CreditRiskMonitor.com earned a small profit in Q1 2026. Net income was $58,312 on operating revenues of $4,986,878, compared with $159,062 on $4,871,412 a year earlier, as slightly higher revenue was offset by increased data and product costs.

What is CreditRiskMonitor.com’s cash and investment position as of March 31, 2026?

The company held solid cash and investment balances at quarter-end. Cash and cash equivalents were $5,715,460, and held-to-maturity U.S. Treasury securities totaled $12,651,204, providing liquidity alongside its SaaS subscription business with no reported debt obligations on the balance sheet.

Does CreditRiskMonitor.com (CRMZ) have any debt or available credit lines?

CreditRiskMonitor.com reported operating without financial debt.
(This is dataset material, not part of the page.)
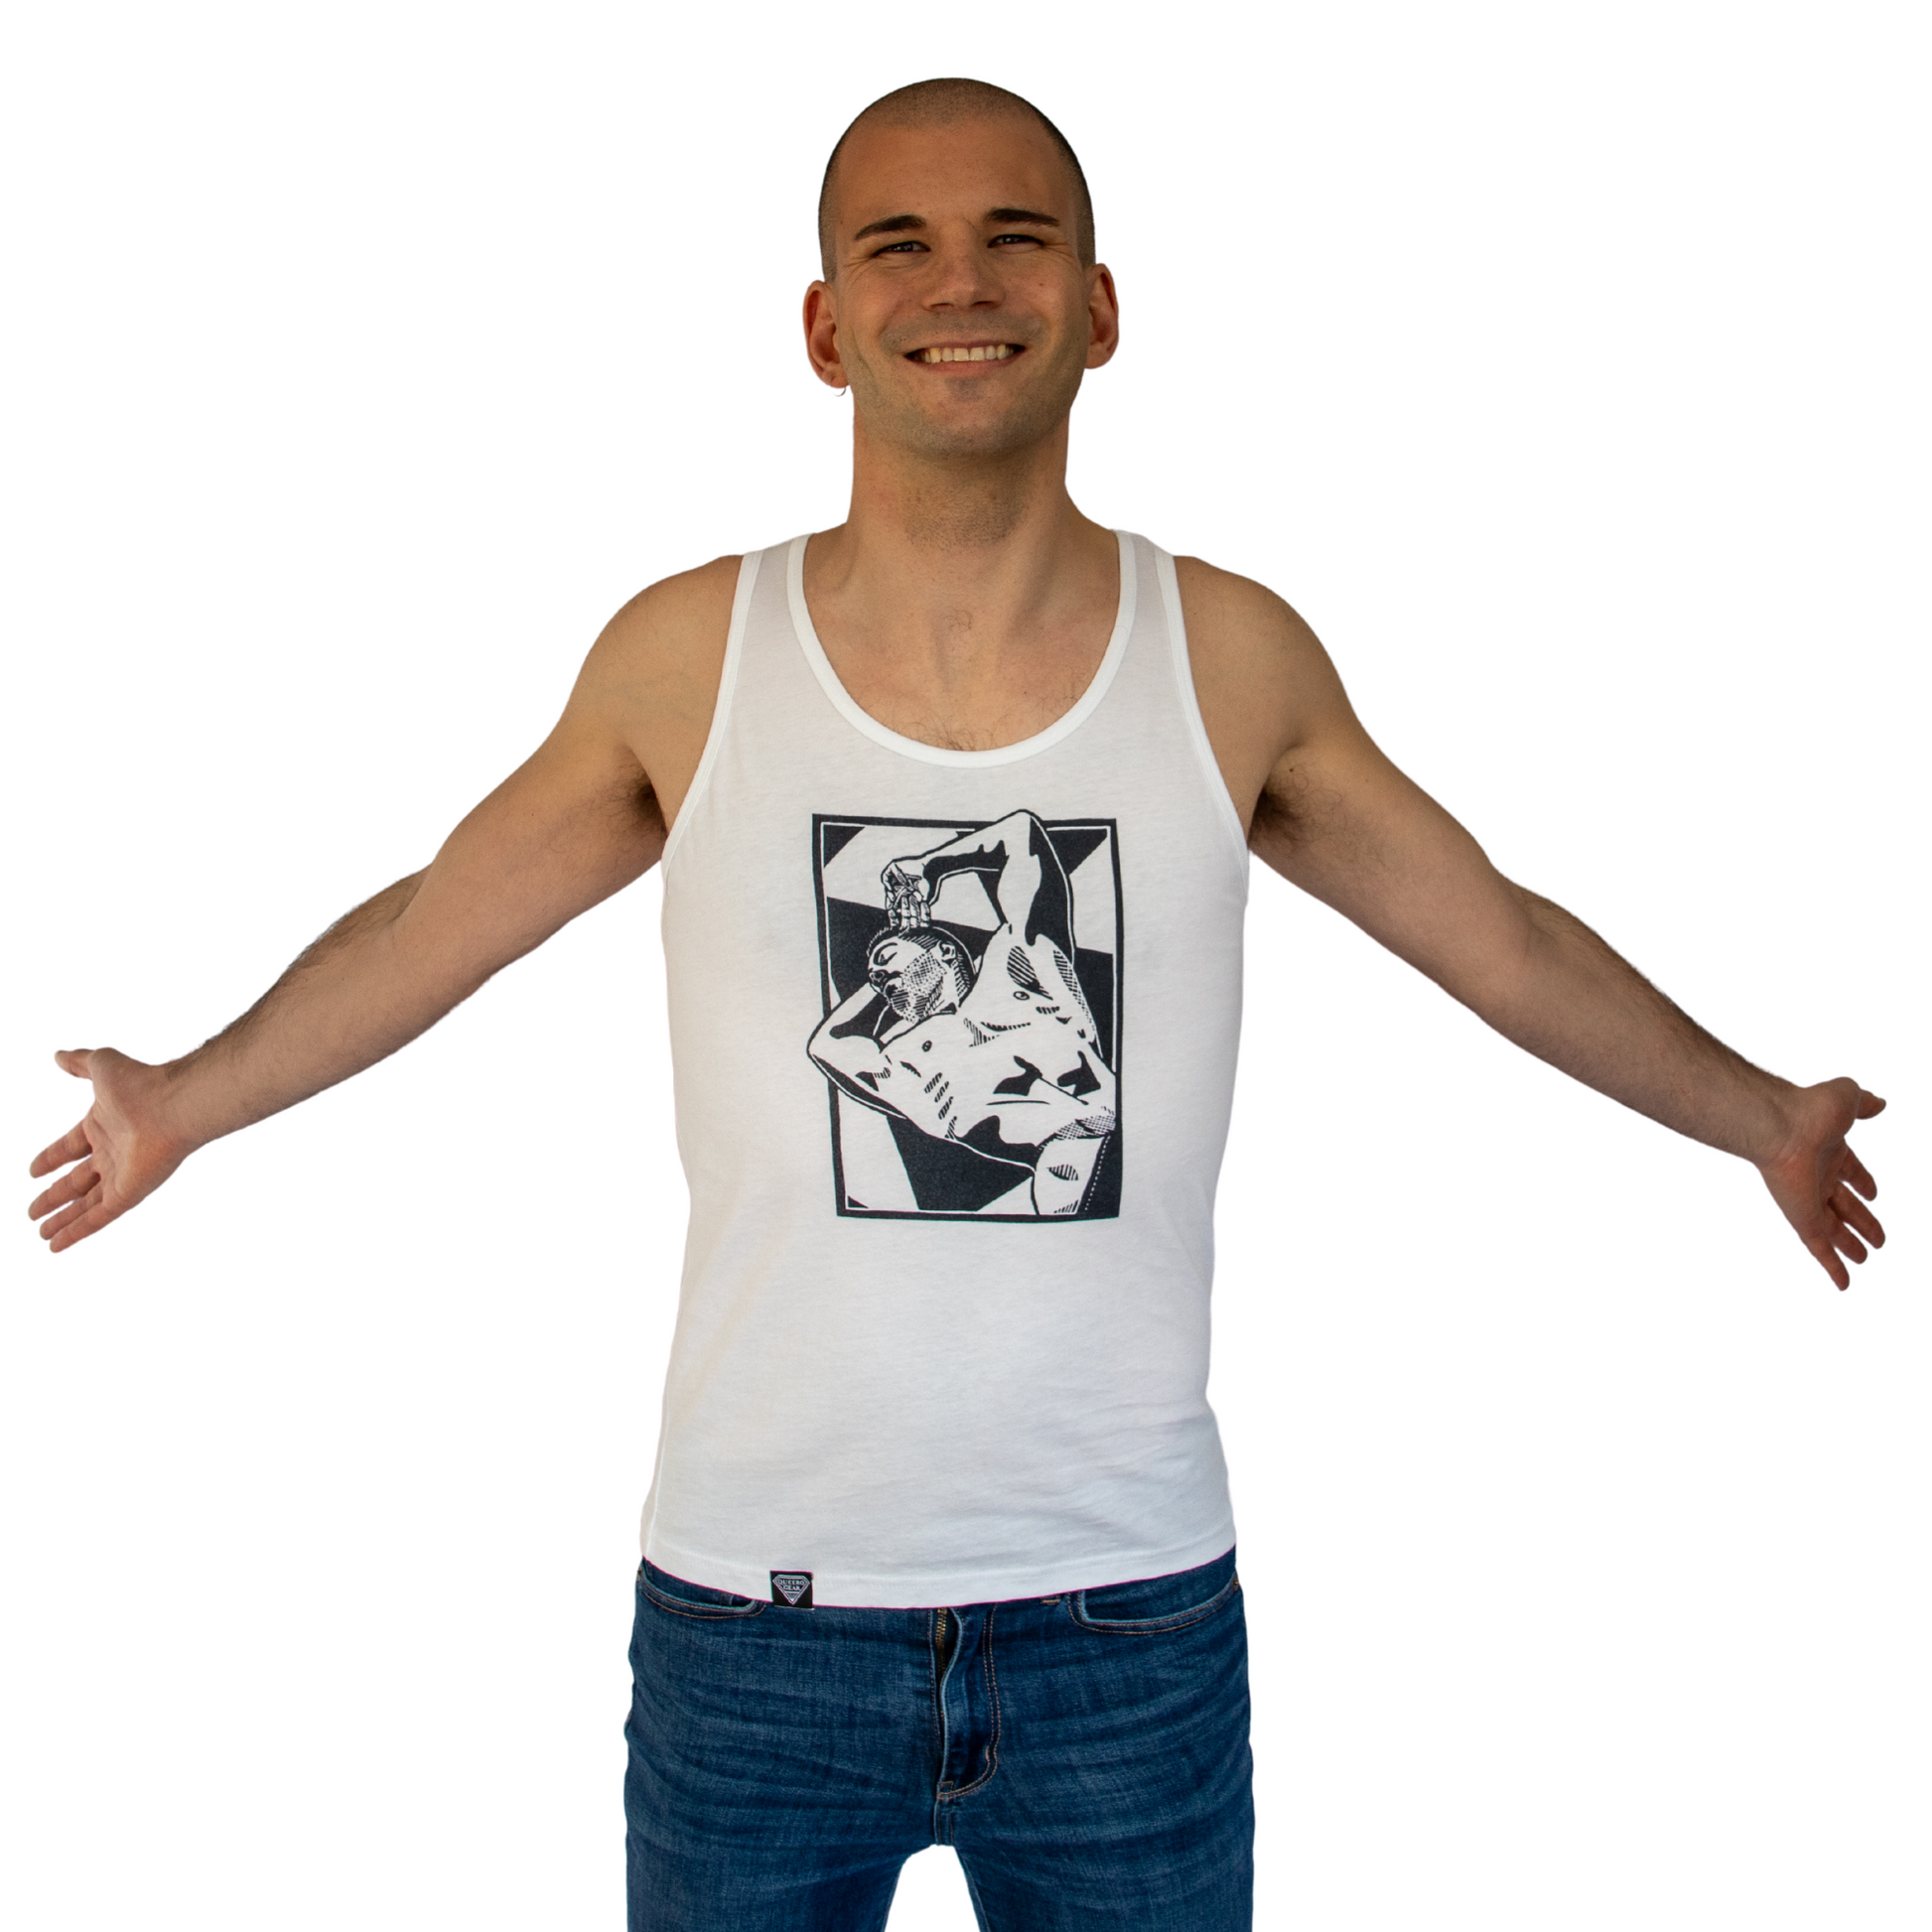 Laid Back Tank Top Queero Gear

Management states the company has no bank lines of credit or other currently available credit sources, and believes existing cash, cash equivalents, and cash generated from operations will cover anticipated needs for at least the next 12 months.
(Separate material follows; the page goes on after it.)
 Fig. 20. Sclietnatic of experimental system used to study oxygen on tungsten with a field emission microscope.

What drove expense changes for CreditRiskMonitor.com in Q1 2026?

Expenses rose mainly in data and product costs. These increased about $238,000, or 10%, due to added senior technology leadership, organizational reporting changes, higher hosted facility costs, and the impact of the office lease expiration, while selling, general and administrative expenses increased only about 1% year over year.

How strong is CreditRiskMonitor.com’s liquidity and working capital in Q1 2026?
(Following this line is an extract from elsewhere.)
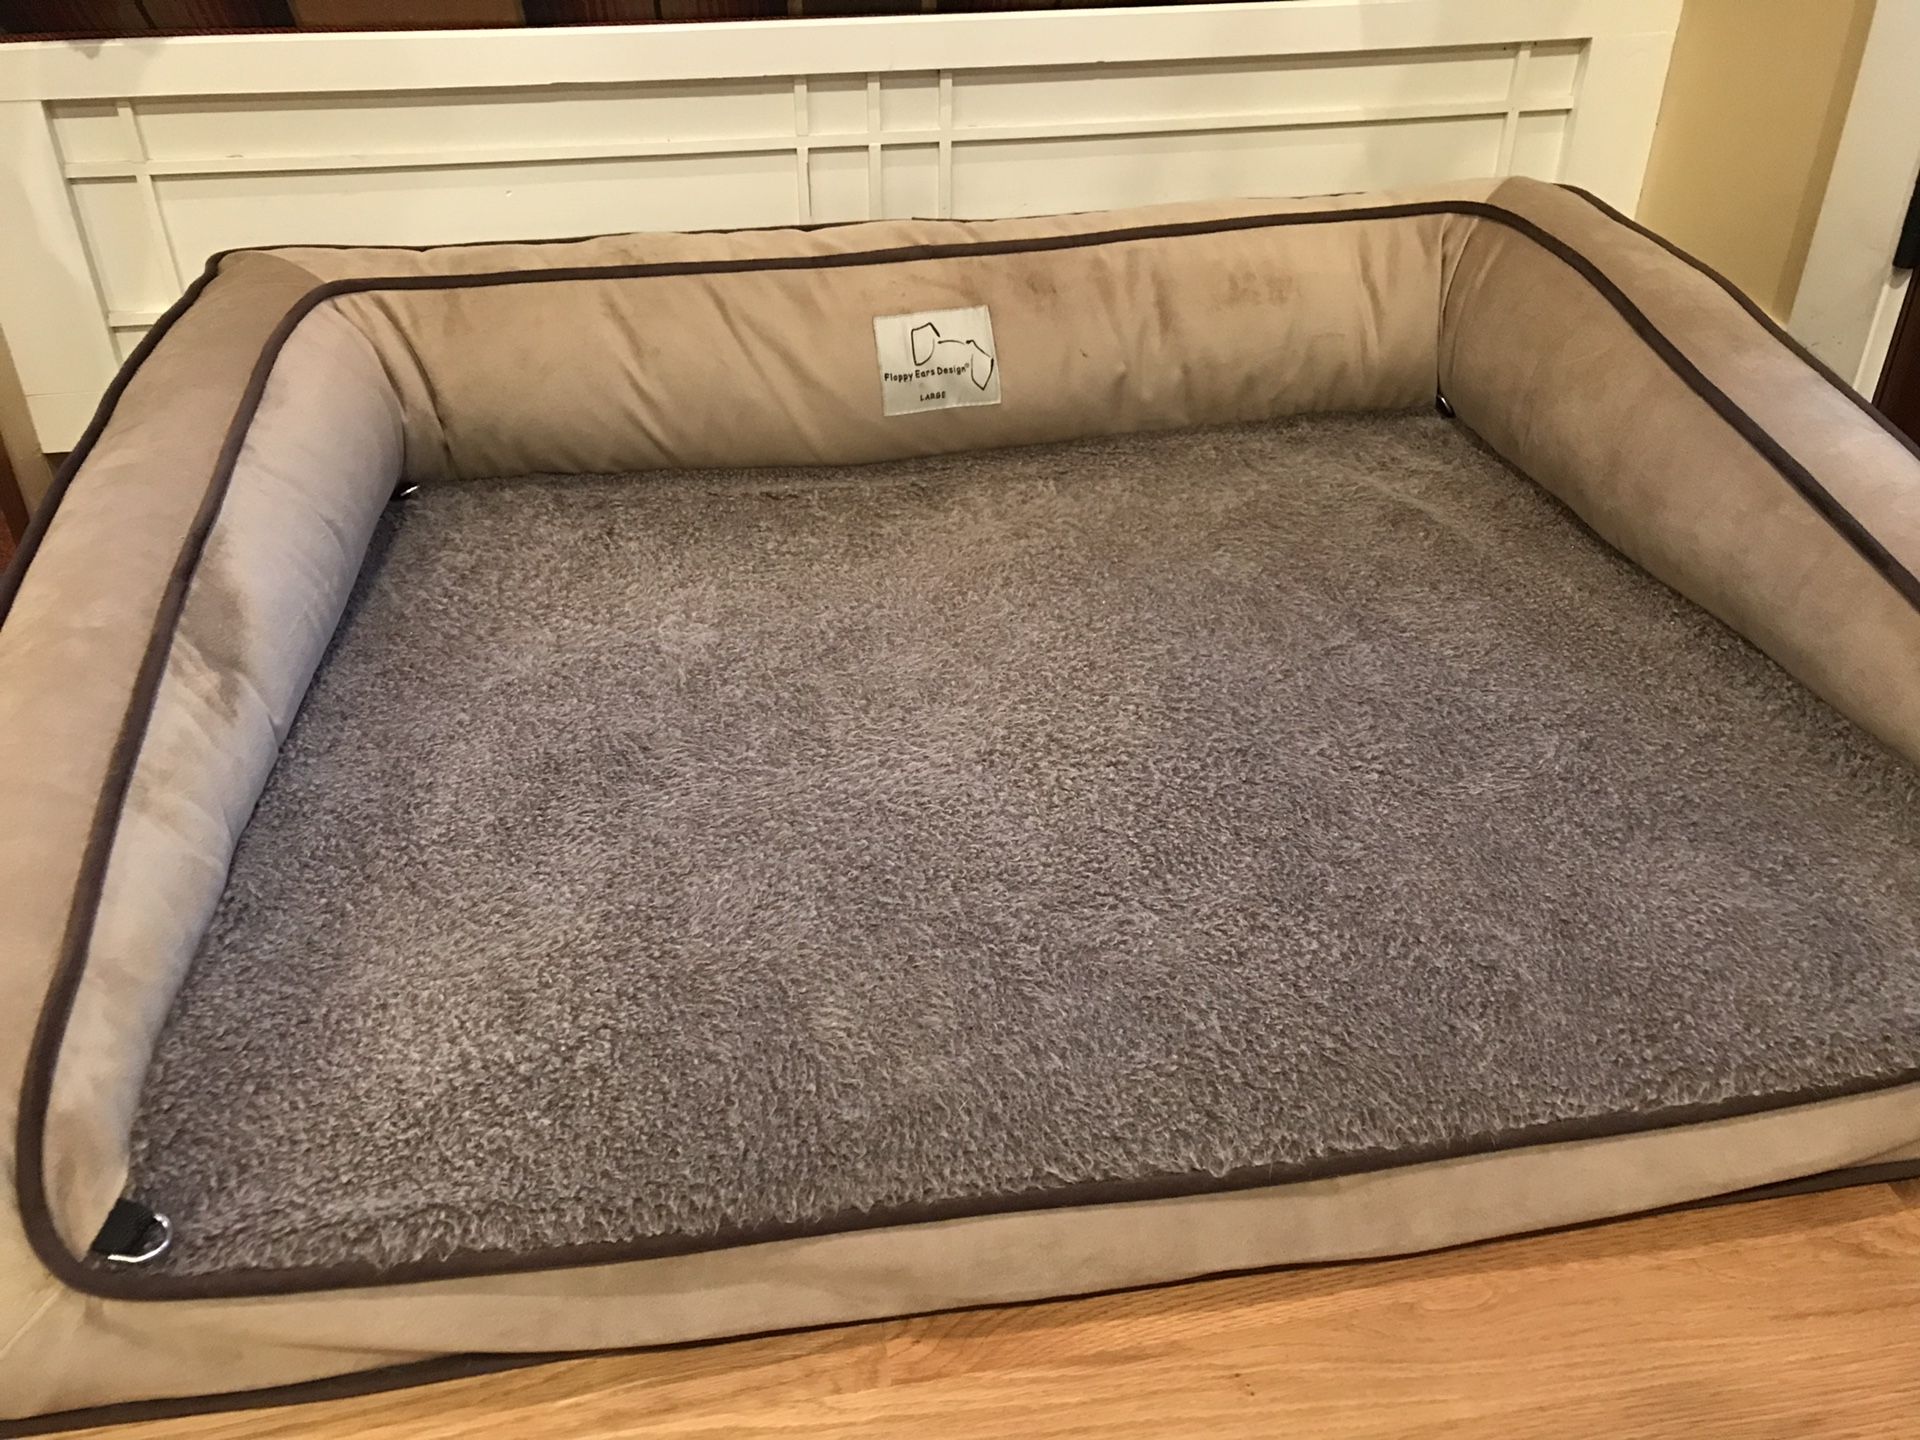 In the Company of Dogs large dog bed - originally $300

Liquidity indicators were relatively strong at March 31, 2026. Working capital was approximately $9,596,000, with a cash ratio of 0.47, quick ratio of 1.70, and current ratio of 1.79, supported by significant unexpired subscription revenue and U.S. Treasury securities holdings.

Did CreditRiskMonitor.com (CRMZ) disclose any Rule 10b5-1 trading plans in Q1 2026?

The company reported no new or terminated trading plans during the quarter. Specifically, it stated that during the first quarter of 2026, no director or officer adopted or terminated a Rule 10b5-1 trading arrangement or non-Rule 10b5-1 trading arrangement under Item 408(a) of Regulation S-K.